- [INFORMATION PROVIDED]
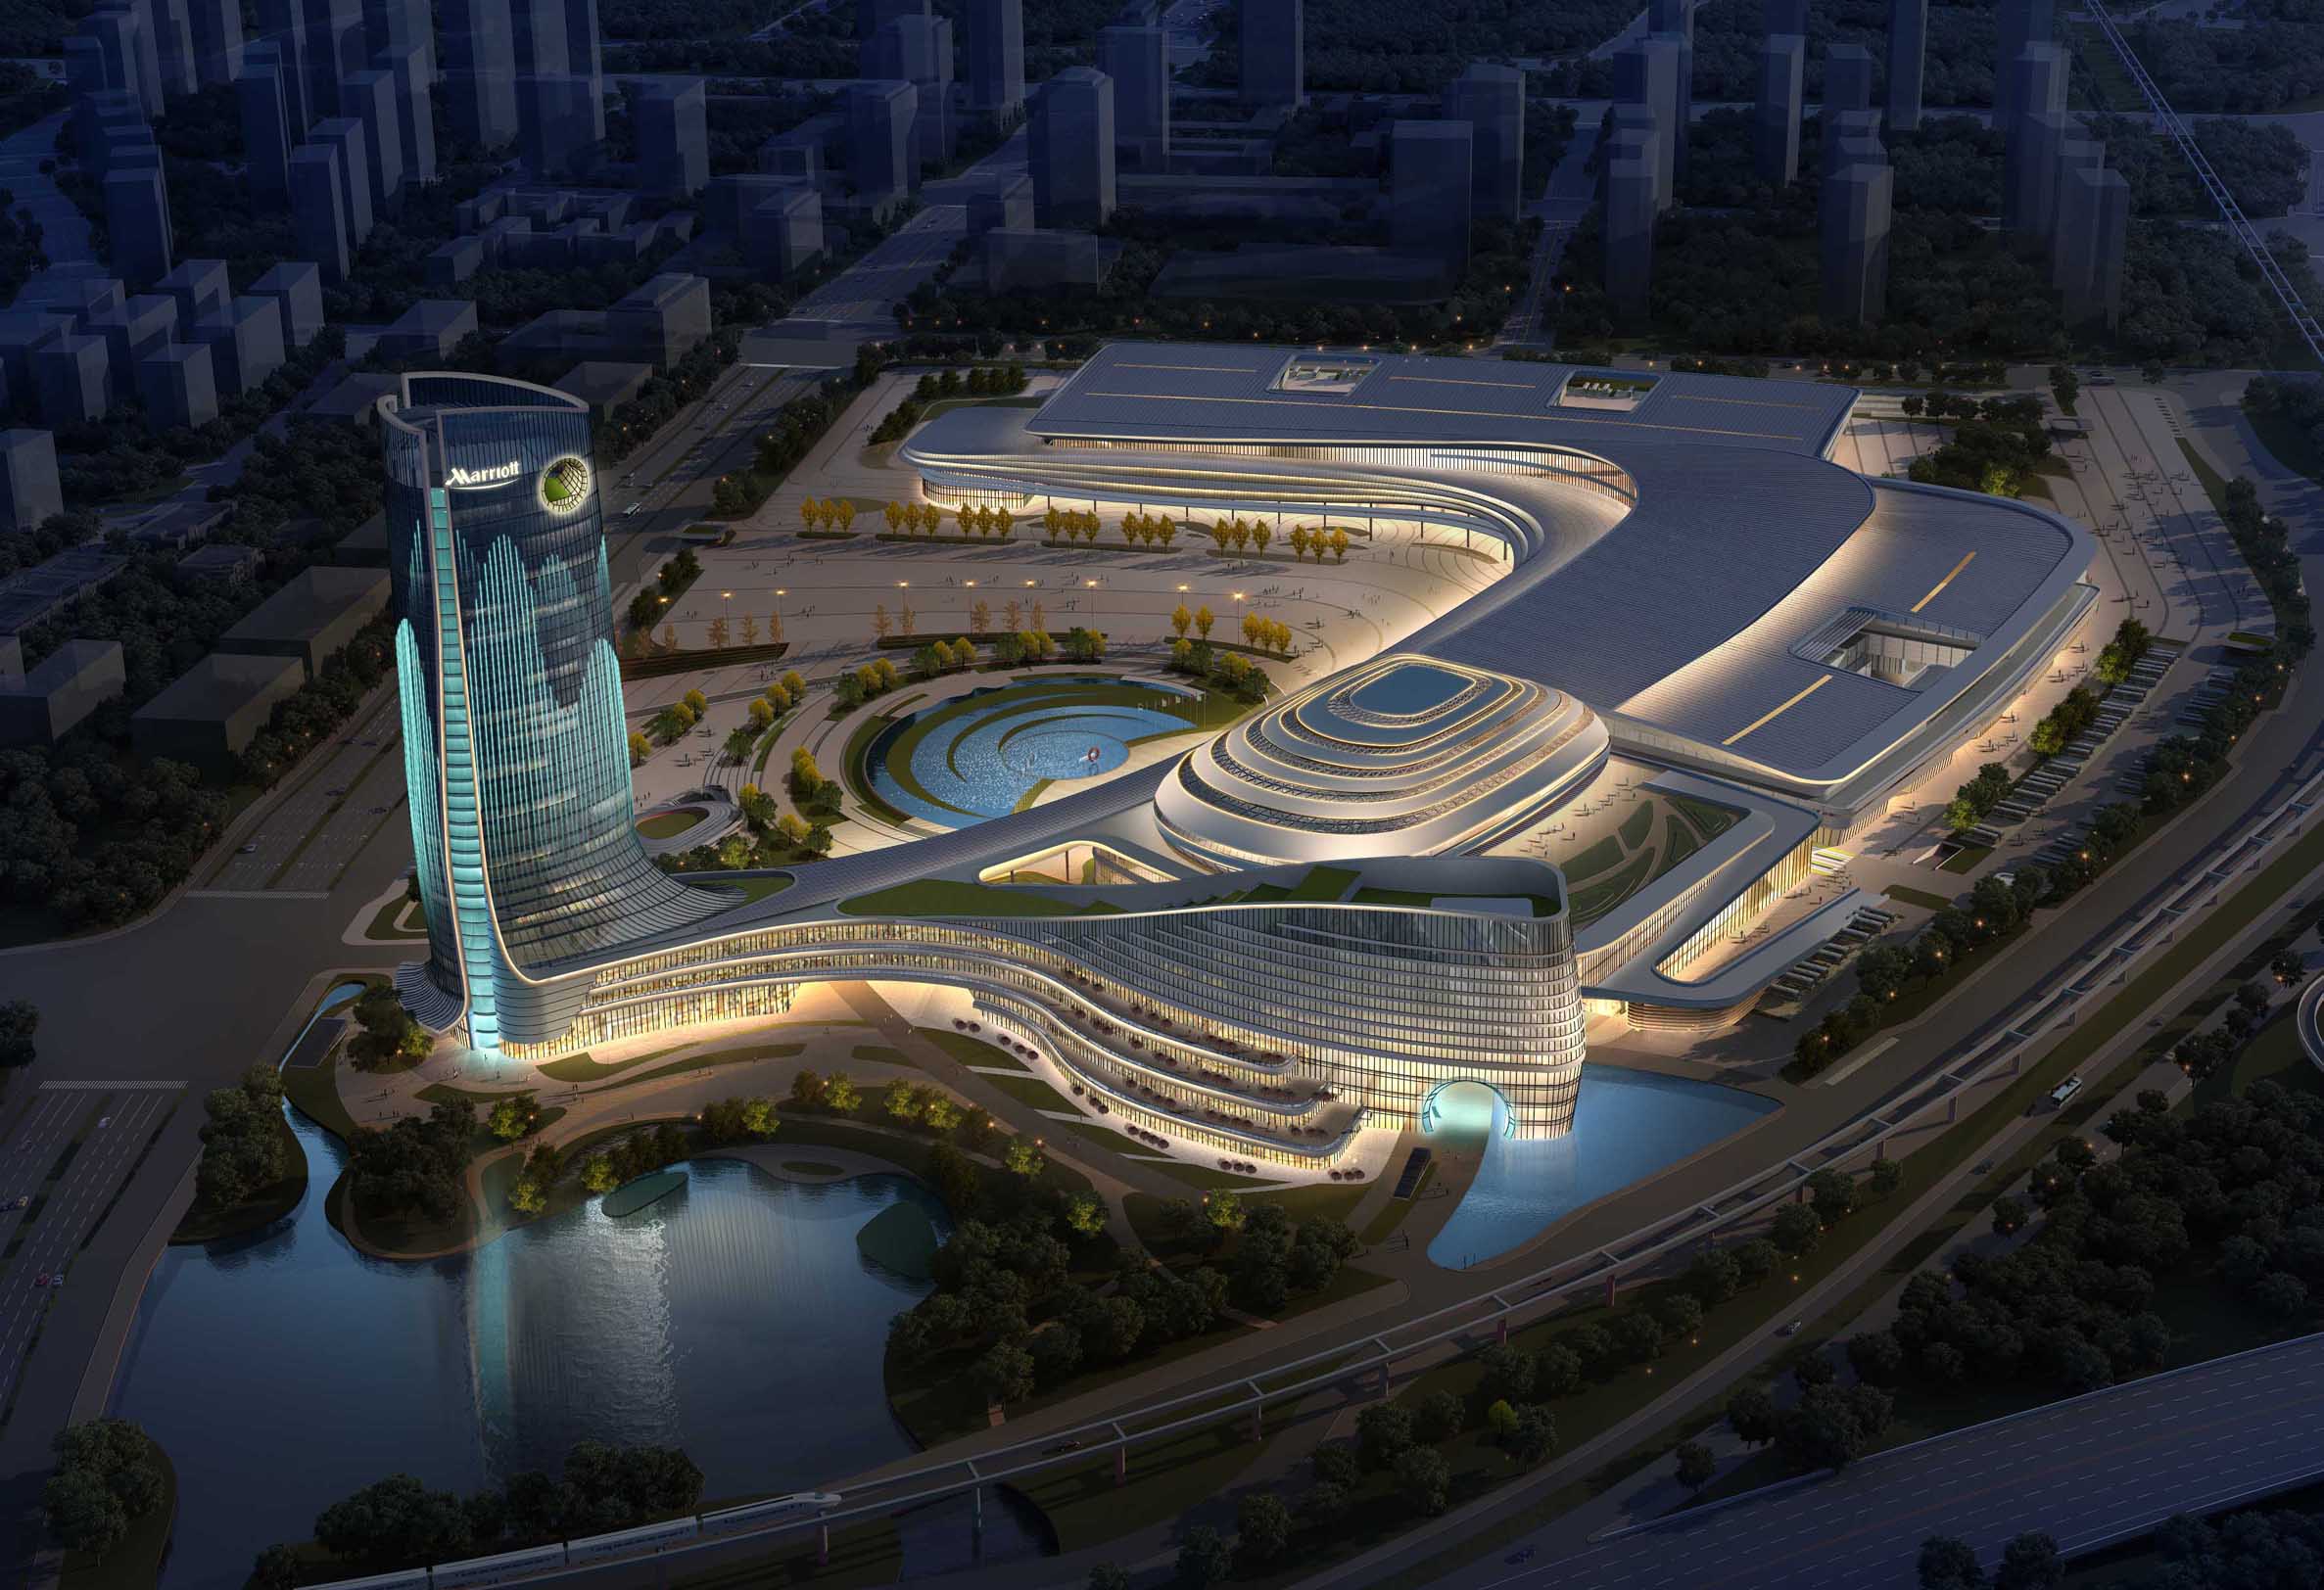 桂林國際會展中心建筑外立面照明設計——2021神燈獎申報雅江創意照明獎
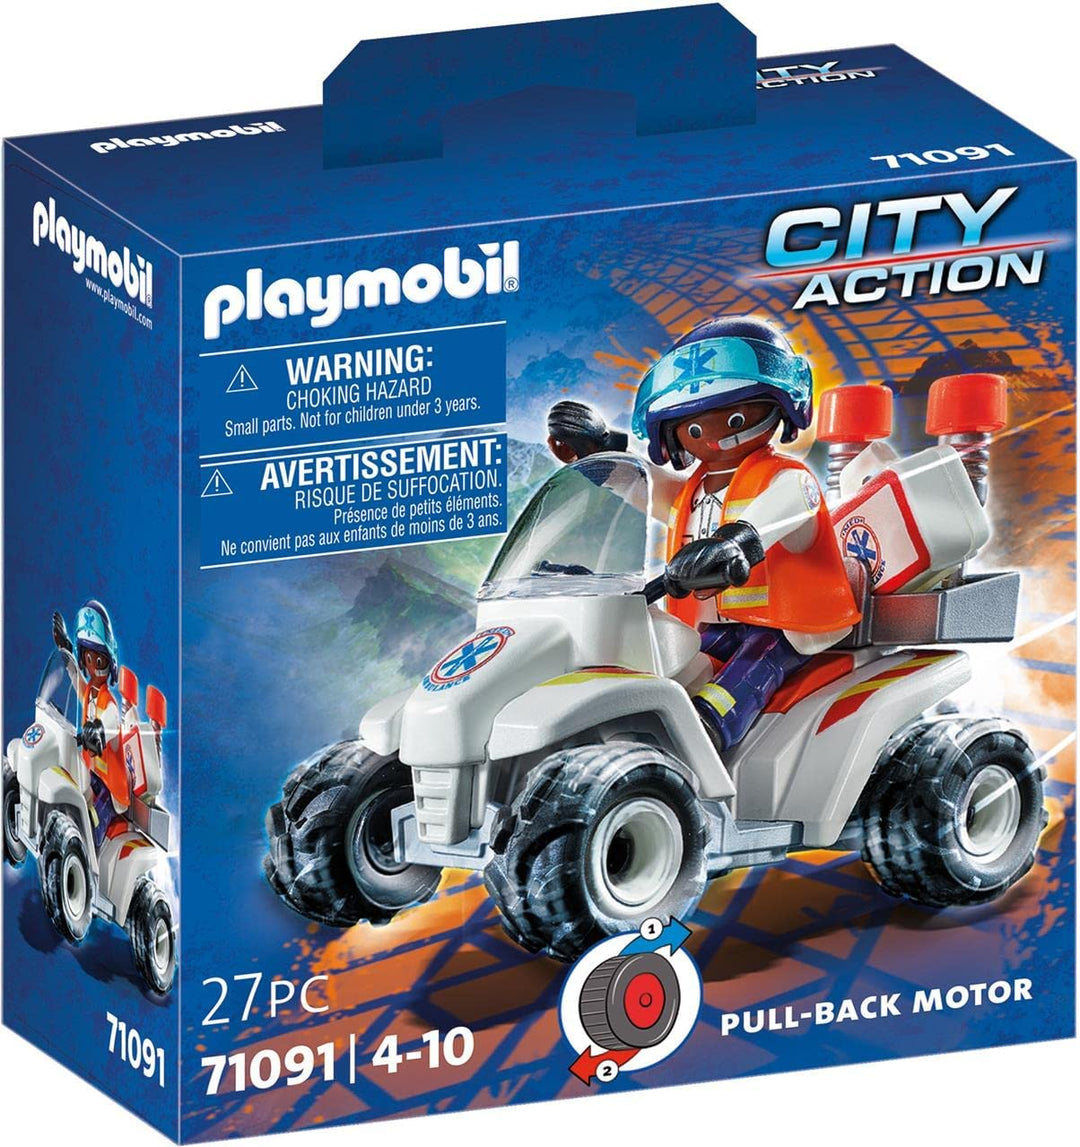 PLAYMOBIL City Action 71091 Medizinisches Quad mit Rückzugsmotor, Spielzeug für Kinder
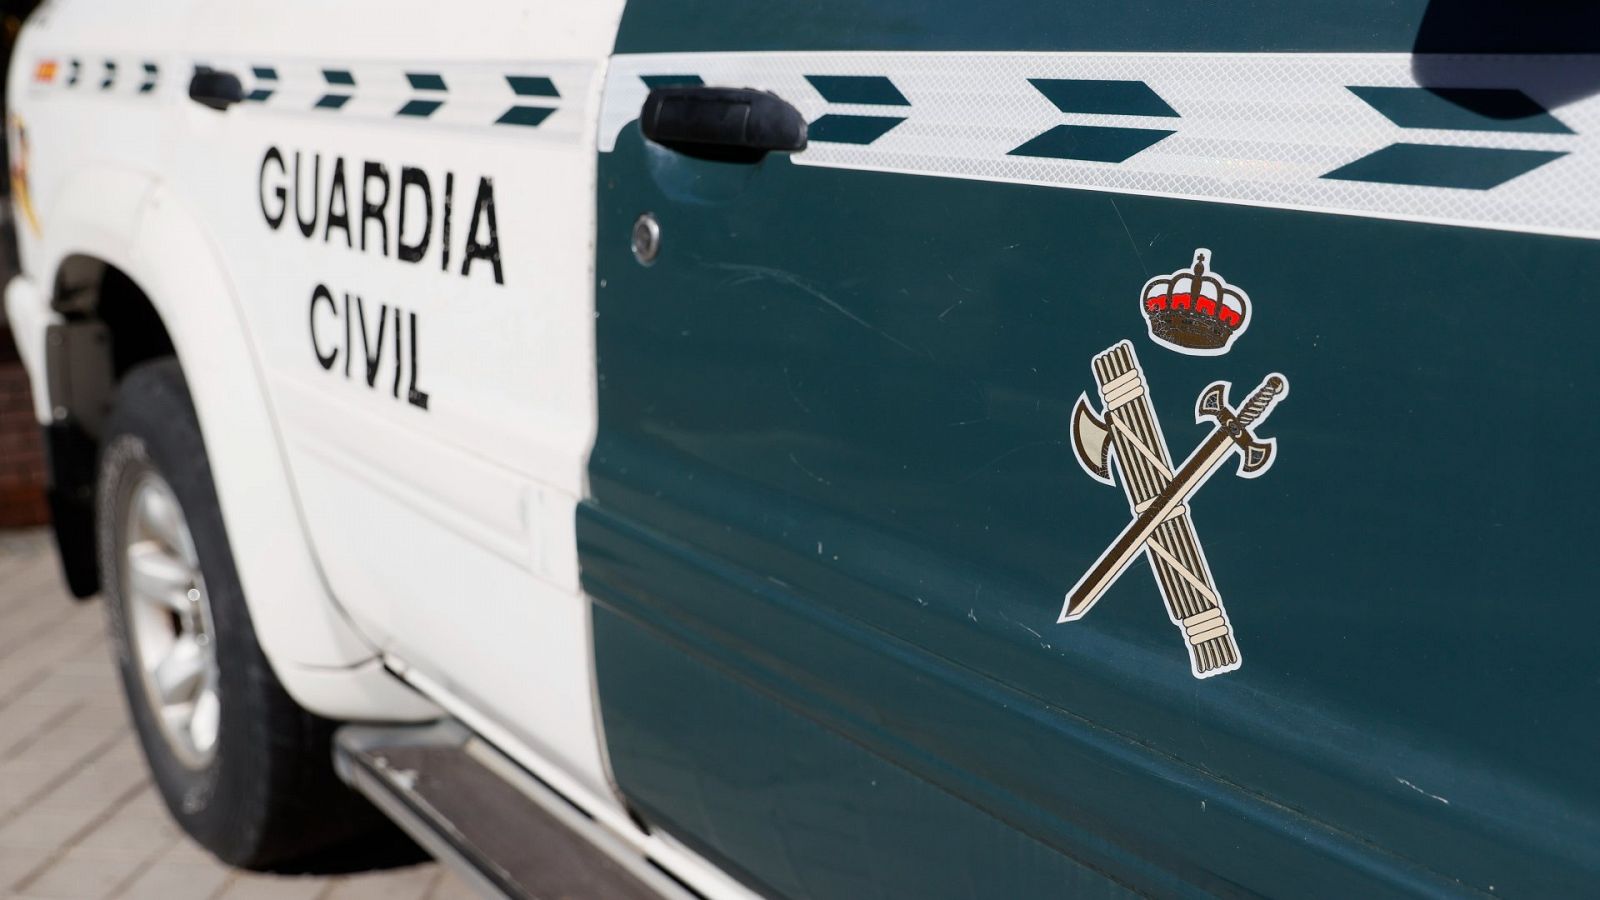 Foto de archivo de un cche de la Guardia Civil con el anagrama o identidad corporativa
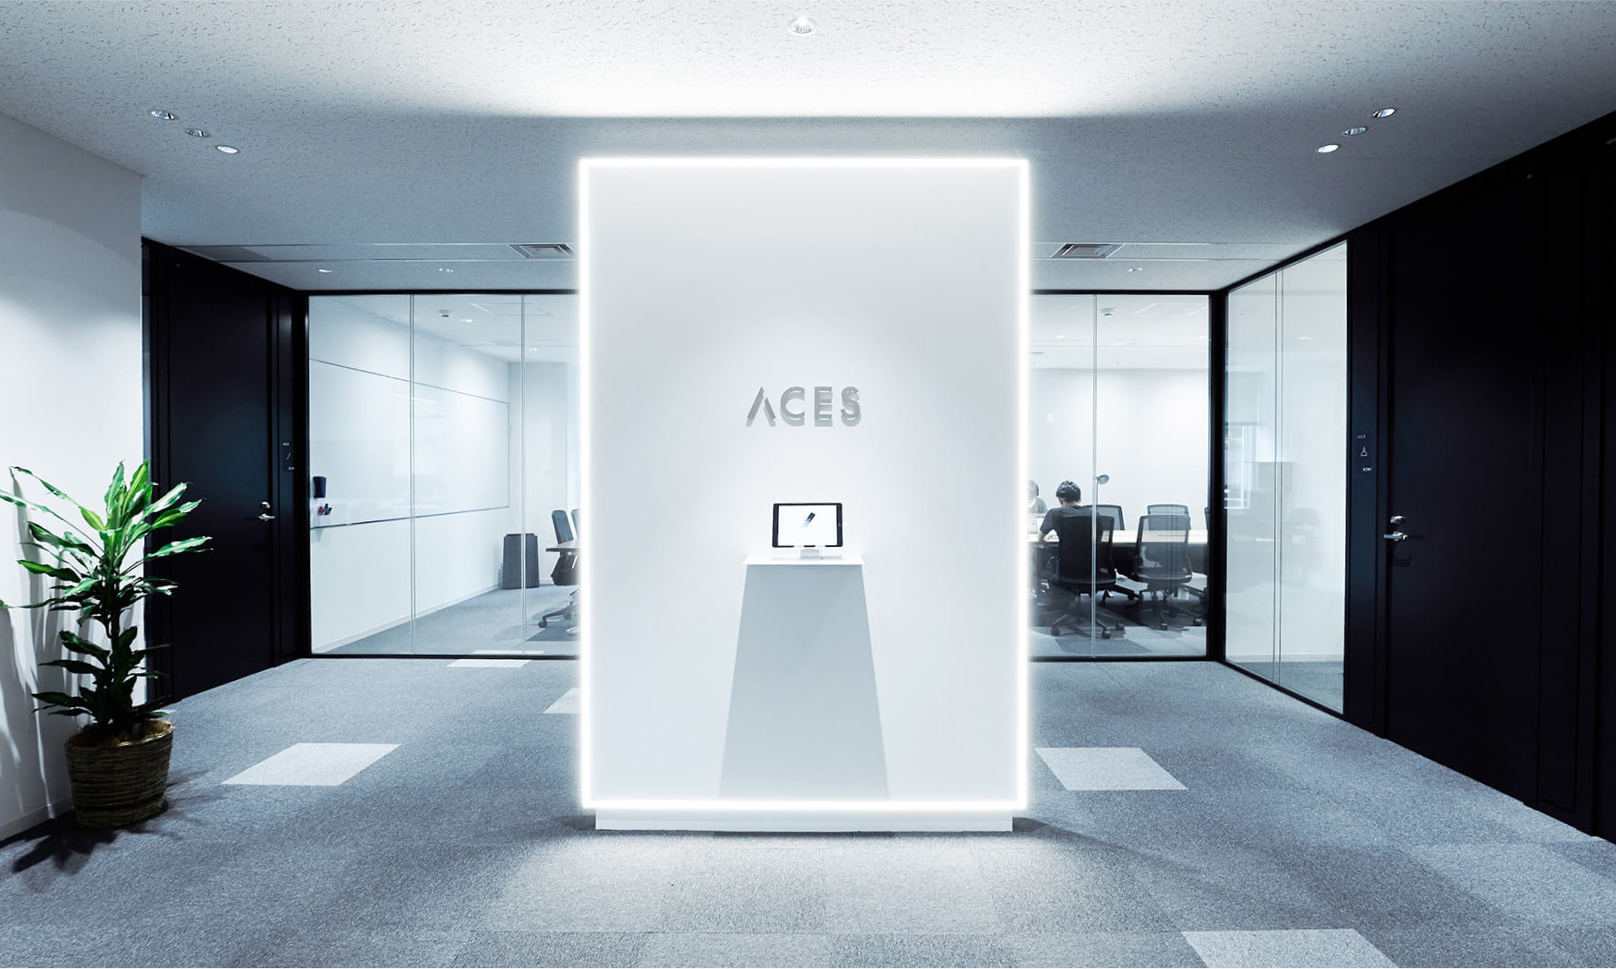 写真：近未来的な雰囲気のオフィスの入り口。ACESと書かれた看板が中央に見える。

- [PROBLEM DESCRIPTION] Word for word, restate the lines from the one containing "PLAYMOBIL City Action" through the end of the listing, and nothing more. Skip the pictures.

- [SOLUTION]
 PLAYMOBIL City Action 71091 Medizinisches Quad mit Rückzugsmotor, Spielzeug für Kinder
 Foto de archivo de un cche de la Guardia Civil con el anagrama o identidad corporativa
 写真：近未来的な雰囲気のオフィスの入り口。ACESと書かれた看板が中央に見える。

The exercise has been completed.